Abstract:Data-driven robotic learning faces an obvious dilemma: robust policies demand large-scale, high-quality demonstration data, yet collecting such data remains a major challenge owing to high operational costs, dependence on specialized hardware, and the limited spatial generalization capability of current methods. The Universal Manipulation Interface (UMI) relaxes the strict hardware requirements for data collection, but it is restricted to capturing only RGB images of a scene and omits the 3D geometric information on which many tasks rely.

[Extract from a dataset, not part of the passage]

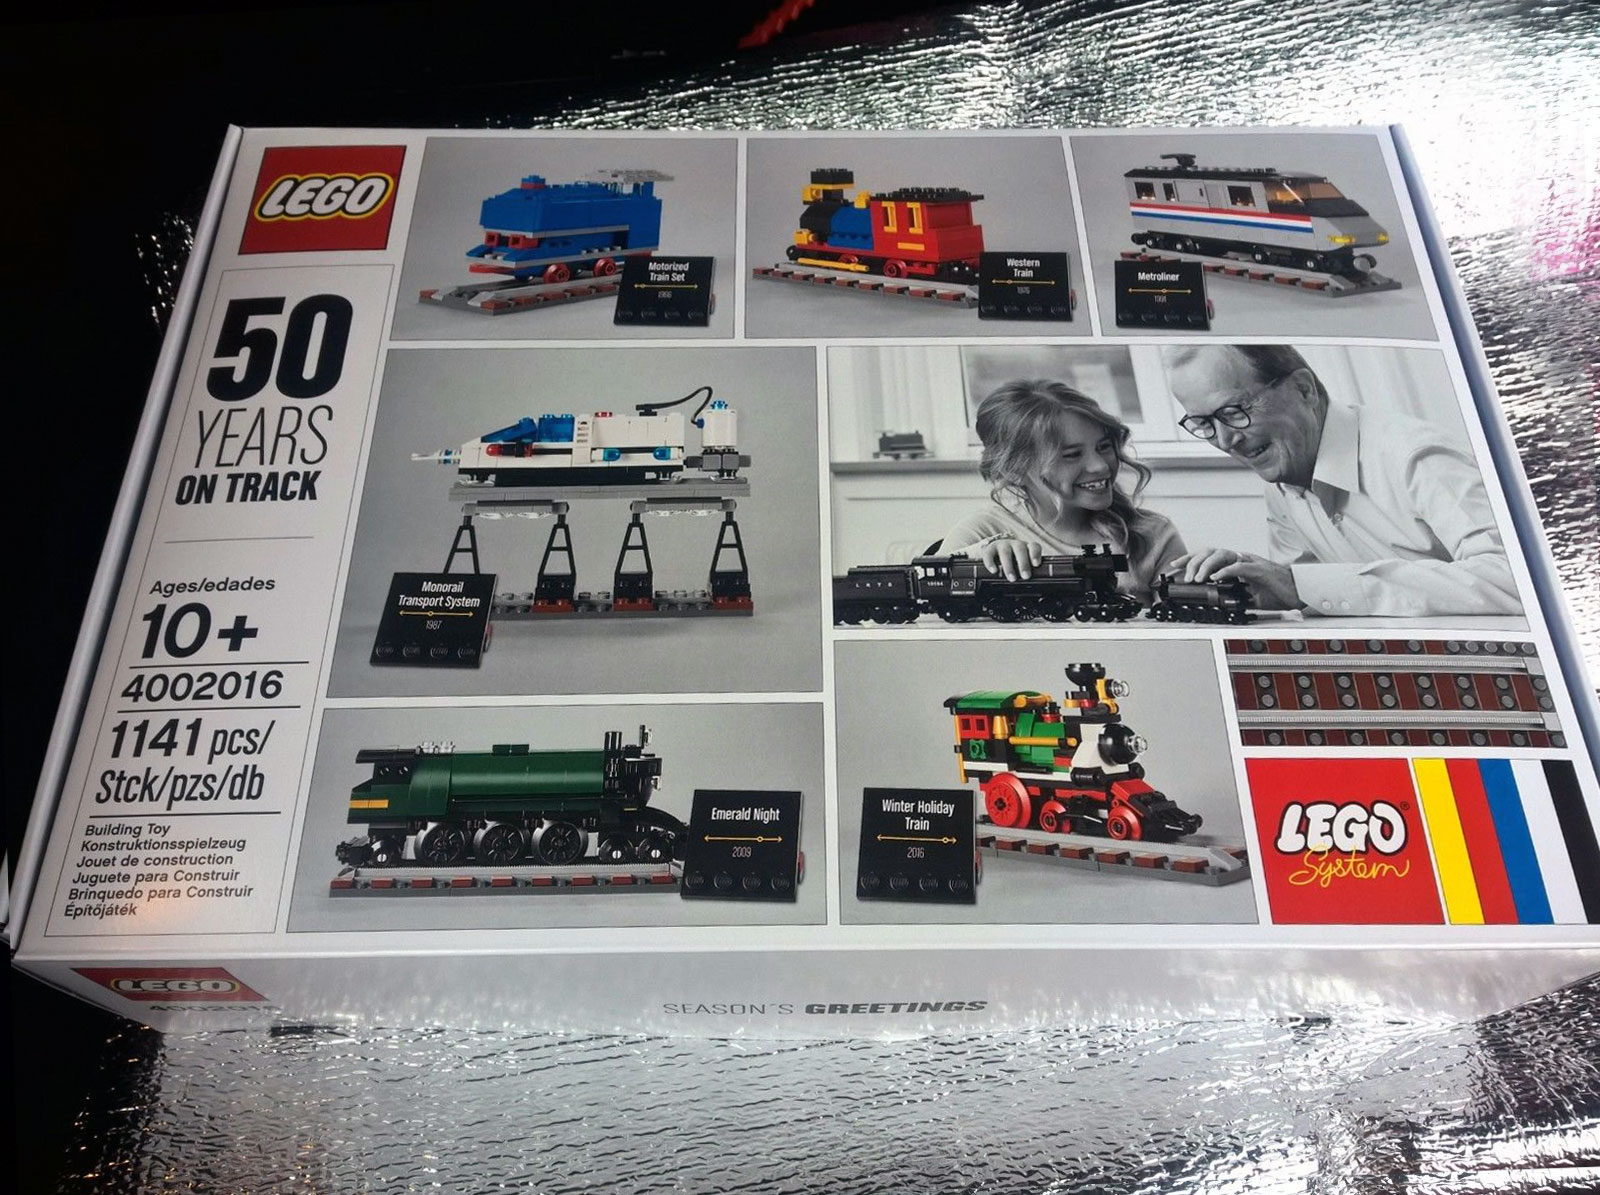 Brickfinder - Exclusive LEGO “50 Years On Track” Employee Gift

Inspired by DemoGen, we propose UMIGen, a unified framework that consists of two key components: (1) Cloud-UMI, a handheld data collection device that requires no visual SLAM and simultaneously records point cloud observation-action pairs; and (2) a visibility-aware optimization mechanism that extends the DemoGen pipeline to egocentric 3D observations by generating only points within the camera's field of view. These two components enable efficient data generation that aligns with real egocentric observations and can be directly transferred across different robot embodiments without any post-processing. Experiments in both simulated and real-world settings demonstrate that UMIGen supports strong cross-embodiment generalization and accelerates data collection in diverse manipulation tasks.